Using 16000 files for training.
Next we will create the validation dataset using image_dataset_from_directory function and set the parameter subset to “validation” and validation split as 0.2
val_ds = tf.keras.utils.image_dataset_from_directory(
path,
validation_split=0.2,
subset="validation",
seed=123,
image_size=(img_height, img_width),
batch_size=batch_size)
Out:
Found 20000 files belonging to 10 classes.
Using 4000 files for validation.
You can find the class names in the class_names attribute on these datasets. These correspond to the directory names in alphabetical order.
class_names = train_ds.class_names
print(class_names)
Out:
['0', '1', '2', '3', '4', '5', '6', '7', '8', '9']
Let’s visualize the data from the training dataset
Here are the first nine images from train_ds
import matplotlib.pyplot as plt
plt.figure(figsize=(10, 10))
for images, labels in train_ds.take(1):
for i in range(9):
ax = plt.subplot(3, 3, i + 1)
plt.imshow(images[i].numpy().astype("uint8"))

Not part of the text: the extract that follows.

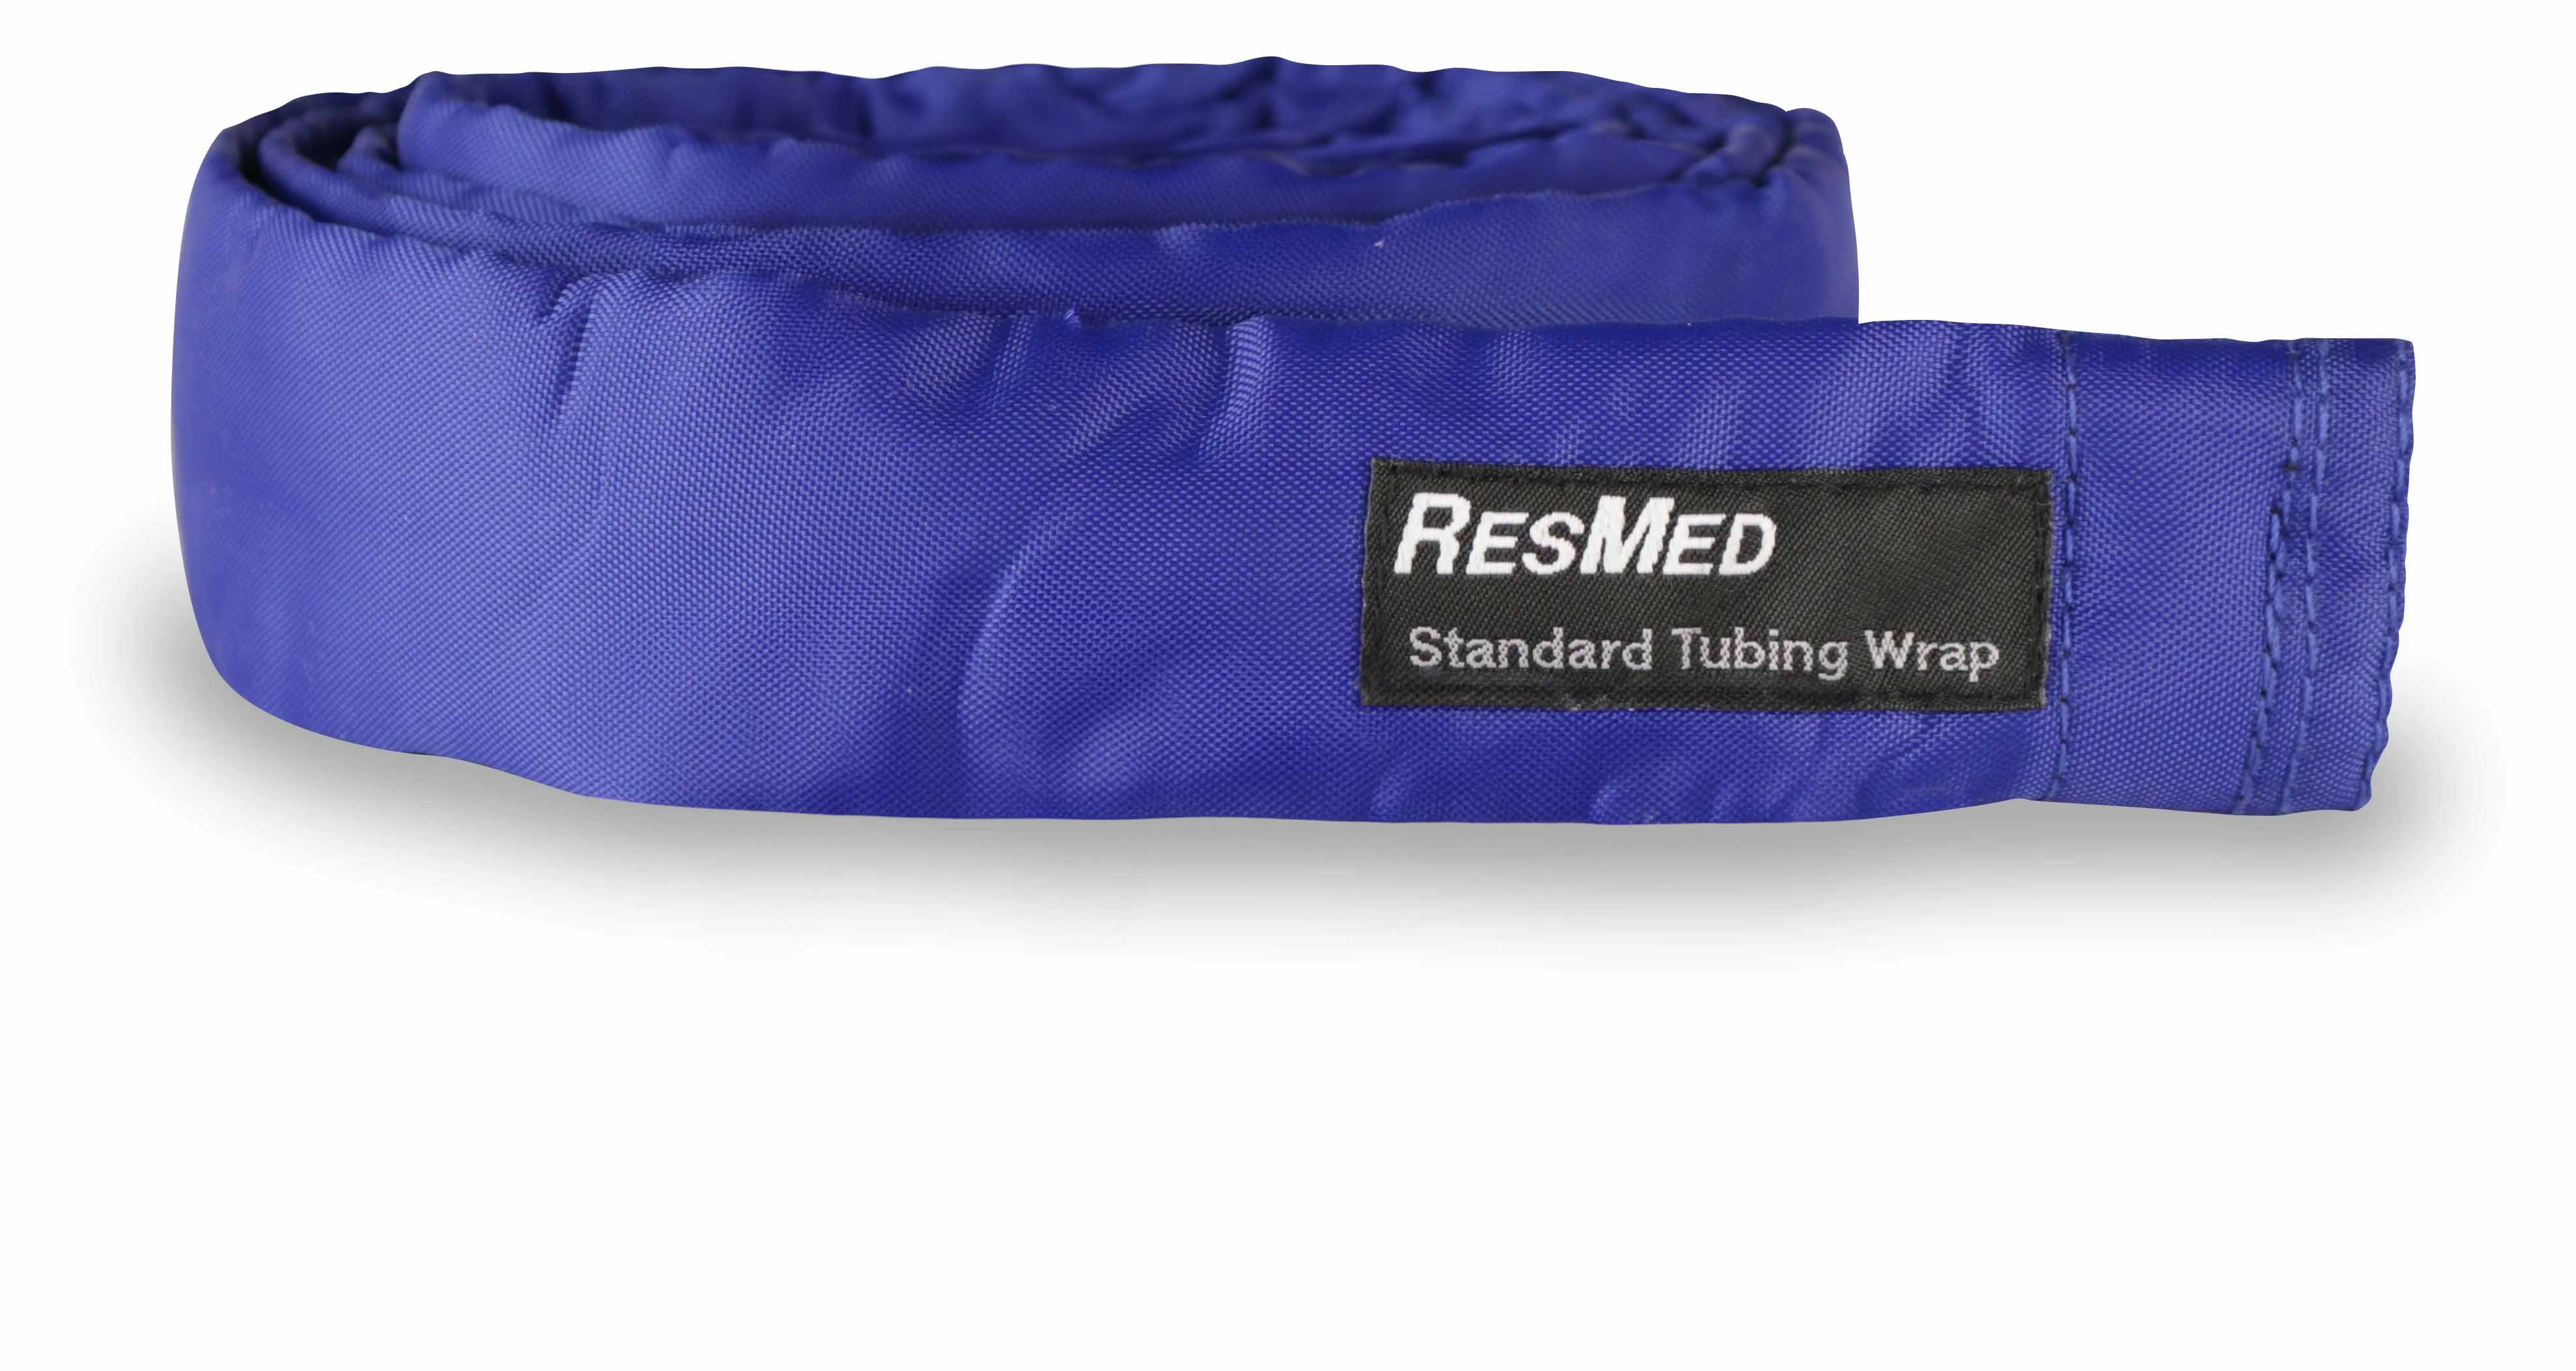 https://images.cpap.com/products/resmed/33963/resmed-zippered-tubing-wrap-coiled-cpapdotcom.jpg?auto=webp&format=jpg

plt.title(class_names[labels[i]])
plt.axis("off")
Get batches of Images and Labels from dataset
You can train a model using these datasets by passing them to Model.fit function. you can also manually iterate over the dataset and retrieve batches of images:
for image_batch, labels_batch in train_ds:
print(image_batch.shape)
print(labels_batch)
break
out
(32, 180, 180, 3)
tf.Tensor([7 7 0 6 0 7 1 8 3 9 9 0 7 5 2 7 9 1 8 0 1 9 4 9 4 4 6 1 7 6 8 2], shape=(32,), dtype=int32)
The image_batch is a tensor of the shape (32, 180, 180, 3). This is a batch of 32 images of shape 180x180x3 (the last dimension RGB channel).
The label_batch is a tensor of the shape (32,), these are corresponding labels to the 32 images.